When the Spanish Netherlands came into danger from France in 1667 , Temple, as the English plenipotentiary in The Hague , concluded the alliance with the Dutch that was named the Triple Alliance (1668) with the arrival of Sweden . As envoy in Aachen , he brought about the peace of May 2, 1668 between France and Spain . Charles II then appointed him envoy to the States General . In response under the Cabal Ministry in 1669, he withdrew from public affairs and went to his estate Sheen near Richmond in Surrey , where he wrote his Observations on the United Provinces of the Netherlands and some of his essays .

As a result of the discontent caused by the war against the Netherlands in connection with France in 1672, Charles II recalled the moderate Temple to civil service. In 1674 he went to The Hague, where he prepared peace and led the preliminary negotiations for the marriage of Prince William of Orange with Charles' oldest niece, Maria . In 1679 Charles II called him back to London. In order to reconcile the parties, he advised the king to form a council of state made up of 30 of the most distinguished government officials and members of parliament, whatever plan was carried out. He also became a Member of Parliament for Cambridge University .
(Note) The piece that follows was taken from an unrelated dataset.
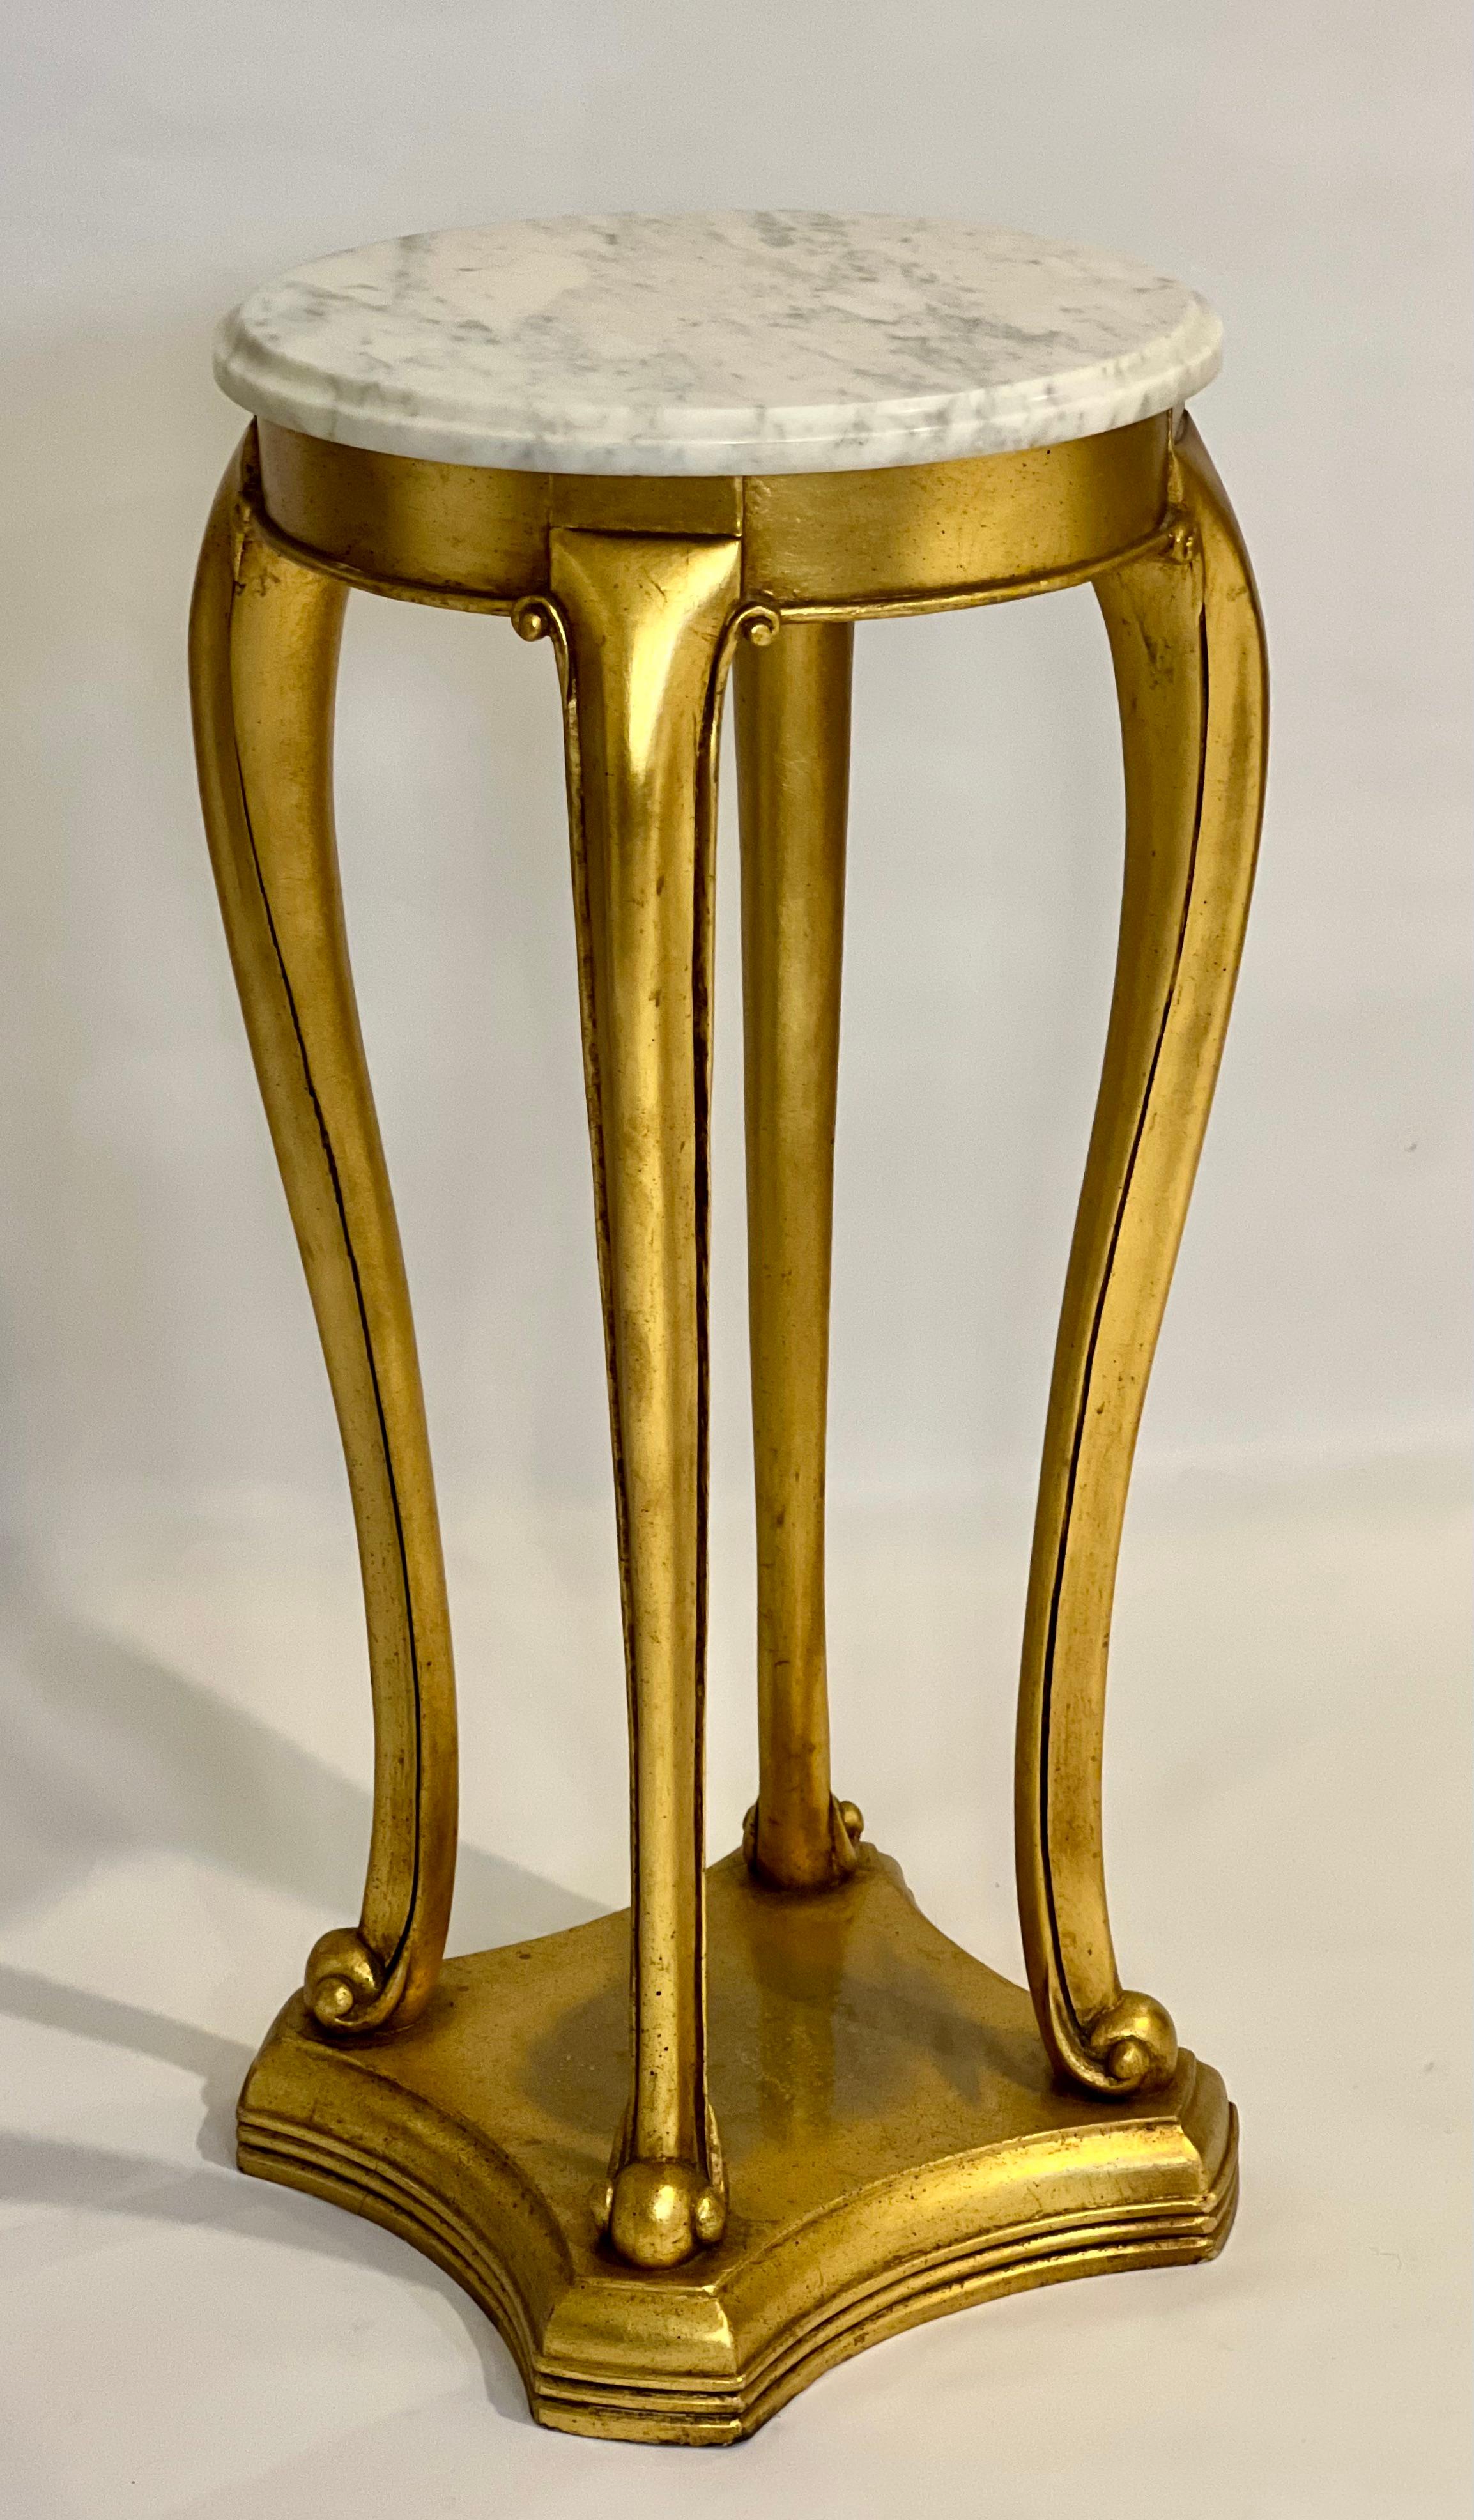 Antique Regency style gilt wood marble top pedestal or plant stand, c. late 19th century.

Fantastic gilt pedestal with cabriole legs and scrolled feet set upon an in-curving stepped base. Carved detail accentuates the base as well as the length of

When Charles II dissolved Parliament on January 10, 1681, Temple took his leave and retired to his Moor Park estate near Farnham, where the later famous Jonathan Swift was his secretary from 1689. Temple died on January 27, 1699 at the age of 70 on his estate. His works , which were distinguished by their form and content, were published in 1750 in London in two volumes and in 1814 in four volumes. Swift published his Memoirs (2 vol., London 1709) and Letters (3 volumes, London 1700-03), EA Parry Dorothy Osborne's letters to Sir William Temple 1652-54 (London 1888, expanded edition 1903).